Edge Delta Apache Kudu Destination
7 minute read
Overview
The Apache Kudu destination node sends data to Apache Kudu tables. Apache Kudu is a distributed columnar storage engine optimized for fast analytics on fast data. This node supports flexible schema mappings, batch configuration, and both insert and upsert write modes.
- incoming_data_types: metric, cluster_pattern_and_sample, log, custom
Note: This node is currently in beta and is available for Enterprise tier accounts.
This node requires Edge Delta agent version v2.7.0 or higher. Kerberos authentication and encryption support requires version v2.8.0 or higher.

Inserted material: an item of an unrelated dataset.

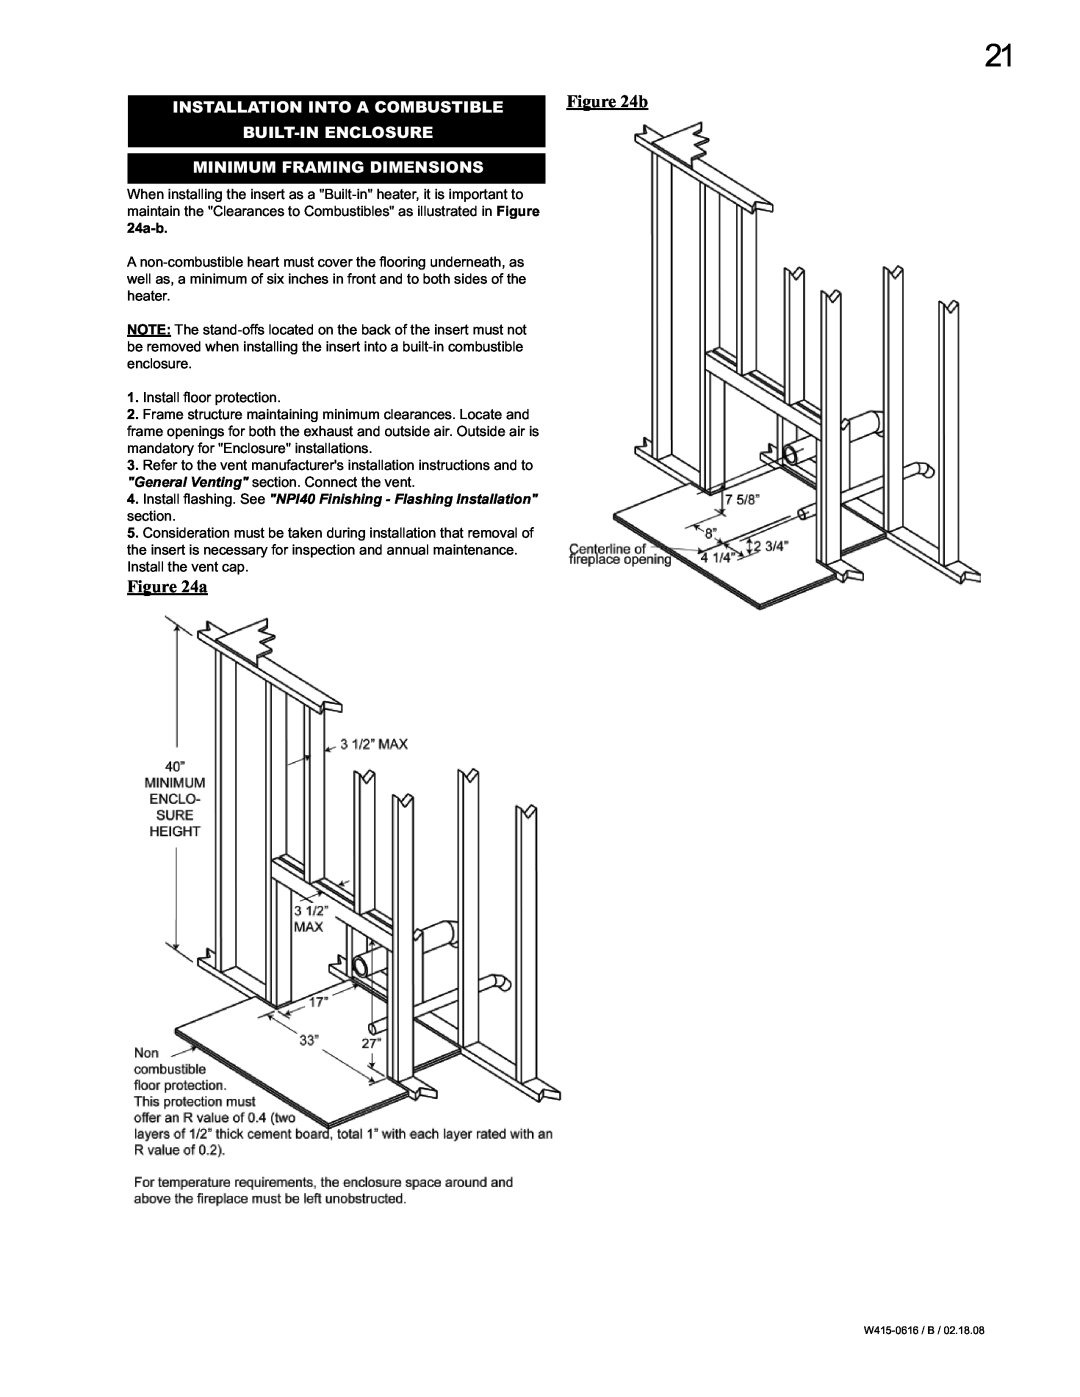 Napoleon Fireplaces NPS40, NPI40 Installation Into A Combustible Built-Inenclosure, Minimum Framing Dimensions 
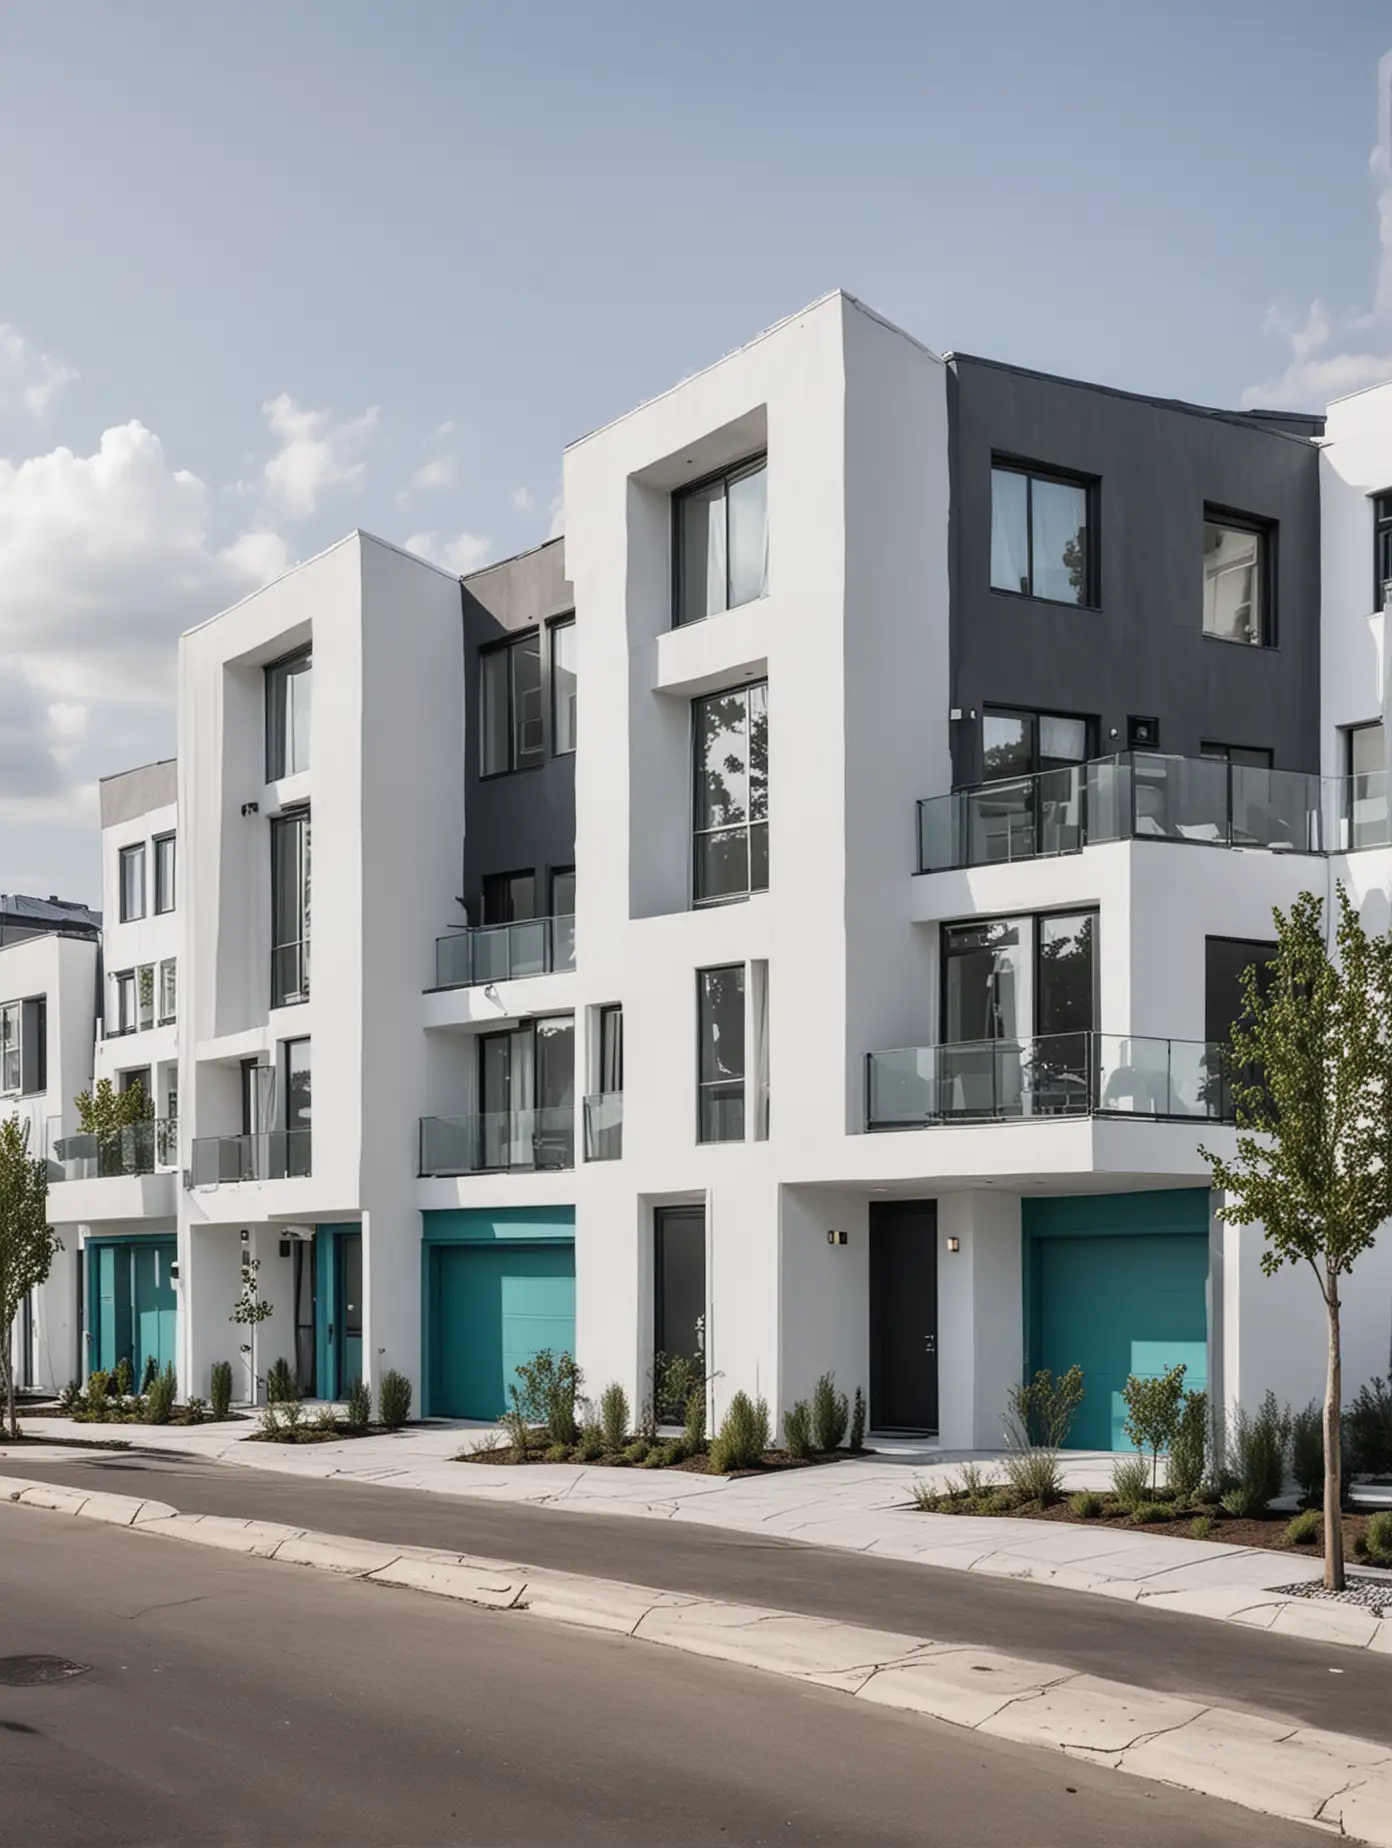 4 luxury modern eco-friendly townhouses in colors white, gray and teal

Important: Apache Kudu clusters typically require Kerberos authentication for security. You must configure the
kudu_securityblock with Kerberos credentials (principal, keytab, and realm) to connect to production Kudu clusters. See kudu_security for configuration details.
Example Configuration

This configuration writes user data to a Kudu table named user_table. It uses upsert mode to update existing records or insert new ones based on the user_id key column. The schema maps incoming data attributes to table columns with appropriate data types, where user_id and created_at are required fields.
nodes:
- name: my_apache_kudu
type: apache_kudu_output
hosts:
- localhost:7051
table_name: user_table
mode: upsert
schema_mappings:
- column_name: user_id
column_type: string
expression: attributes["user_id"]
is_key: true
required: true
- column_name: age
column_type: int32
expression: attributes["age"]
required: false
- column_name: created_at
column_type: int64
expression: attributes["created_at"]
required: true
- column_name: email
column_type: string
expression: attributes["email"]
required: false
- column_name: is_active
column_type: bool
expression: attributes["is_active"]
default_value: "true"
Required Parameters
name
A descriptive name for the node. This is the name that will appear in pipeline builder and you can reference this node in the YAML using the name. It must be unique across all nodes. It is a YAML list element so it begins with a - and a space followed by the string. It is a required parameter for all nodes.
nodes:
- name: <node name>
type: <node type>
type: apache_kudu_output
The type parameter specifies the type of node being configured. It is specified as a string from a closed list of node types. It is a required parameter.
nodes:
- name: <node name>
type: <node type>
hosts
The hosts parameter specifies the list of Apache Kudu master server addresses. It is specified as an array of strings in the format host:port and is required.
- name: <node name>
type: apache_kudu_output
hosts:
- master1.example.com:7051
- master2.example.com:7051
- master3.example.com:7051
table_name: <target table>
table_name
The table_name parameter defines the name of the Kudu table to write data to. It is specified as a string and is required.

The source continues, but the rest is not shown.